* [Source data]:
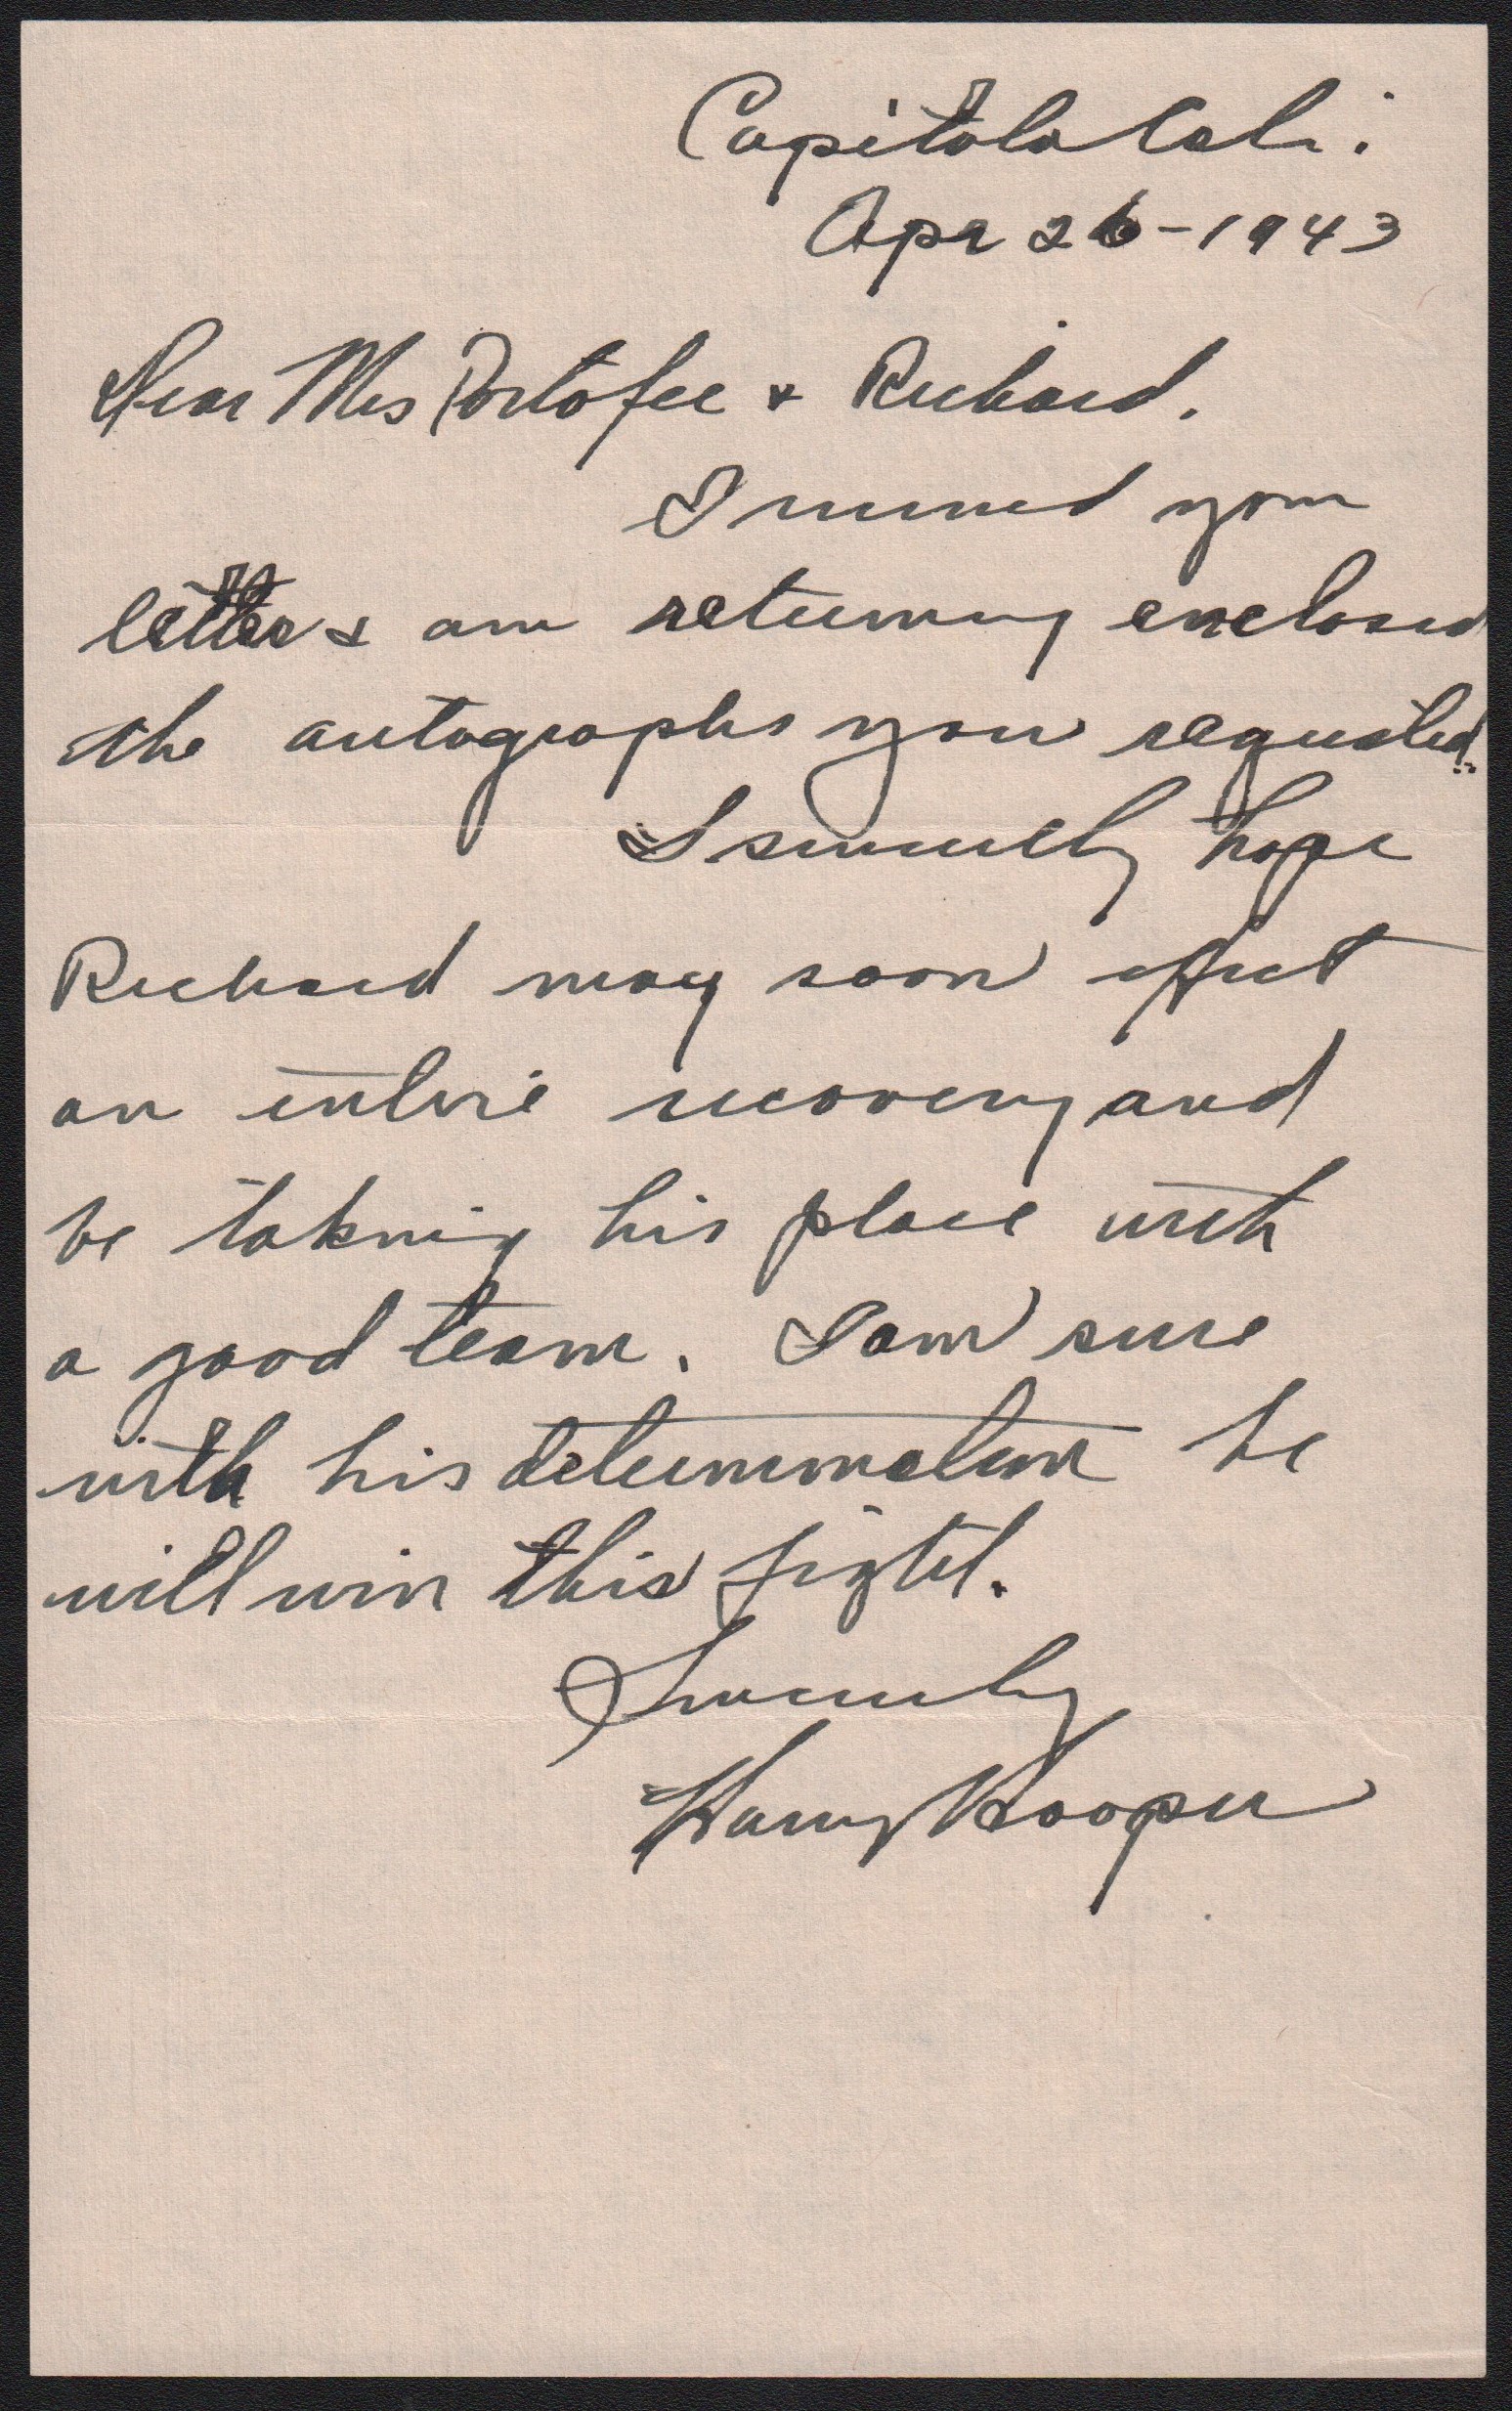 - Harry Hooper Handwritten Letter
* * *
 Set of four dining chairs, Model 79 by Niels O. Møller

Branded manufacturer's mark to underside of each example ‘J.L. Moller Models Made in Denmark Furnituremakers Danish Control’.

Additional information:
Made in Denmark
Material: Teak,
==
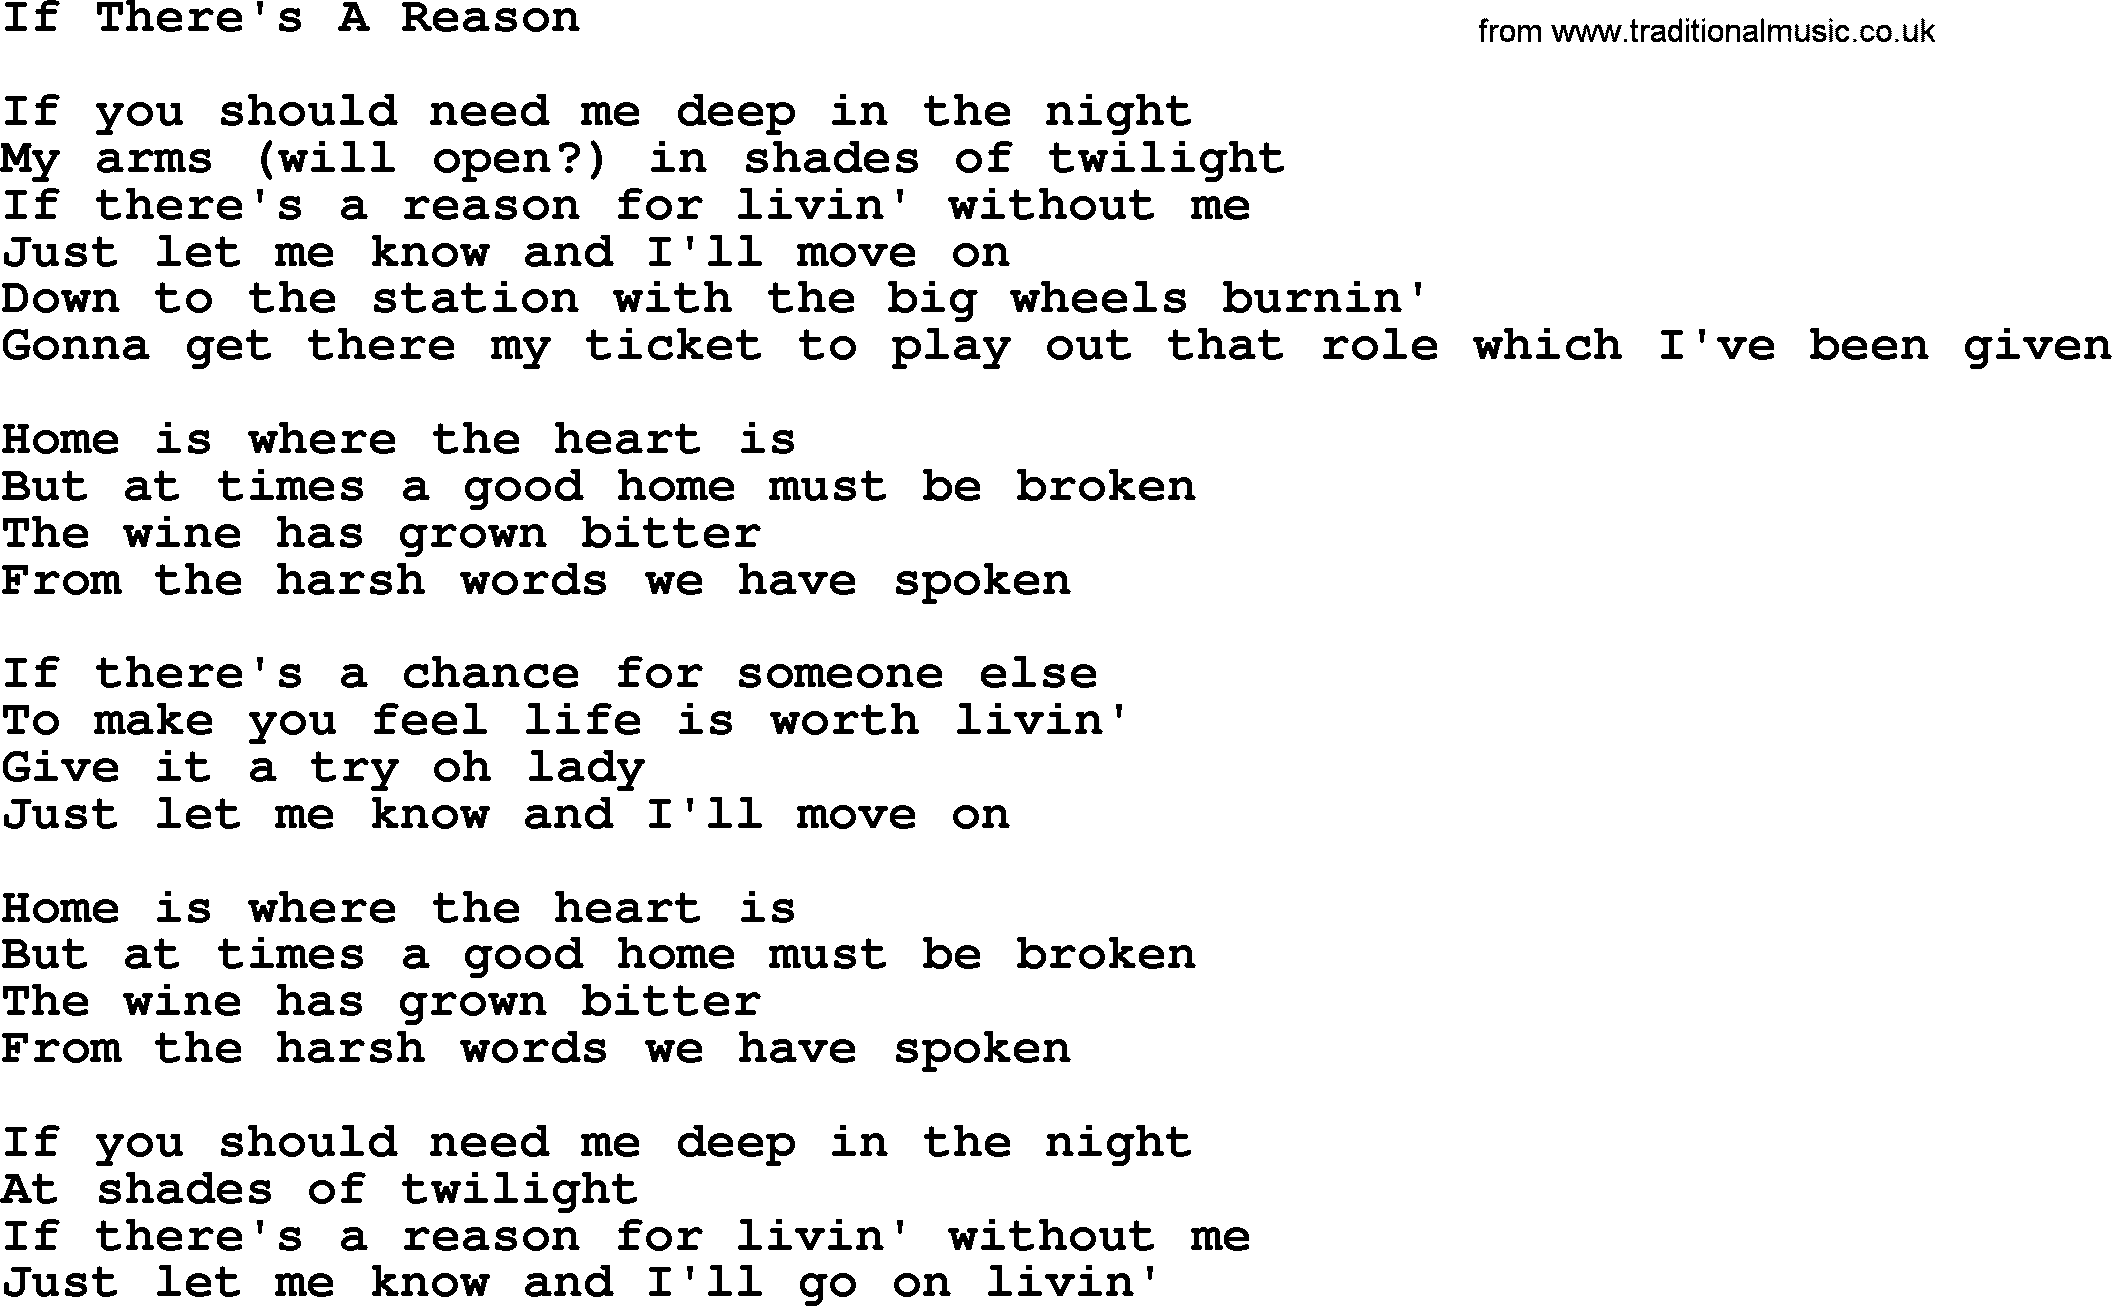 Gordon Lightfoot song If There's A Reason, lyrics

* [The problem]: Determine how many lines of the entries contain the string "Denmark", and reply with nothing but the number.

* [Solution to this exercise]: 2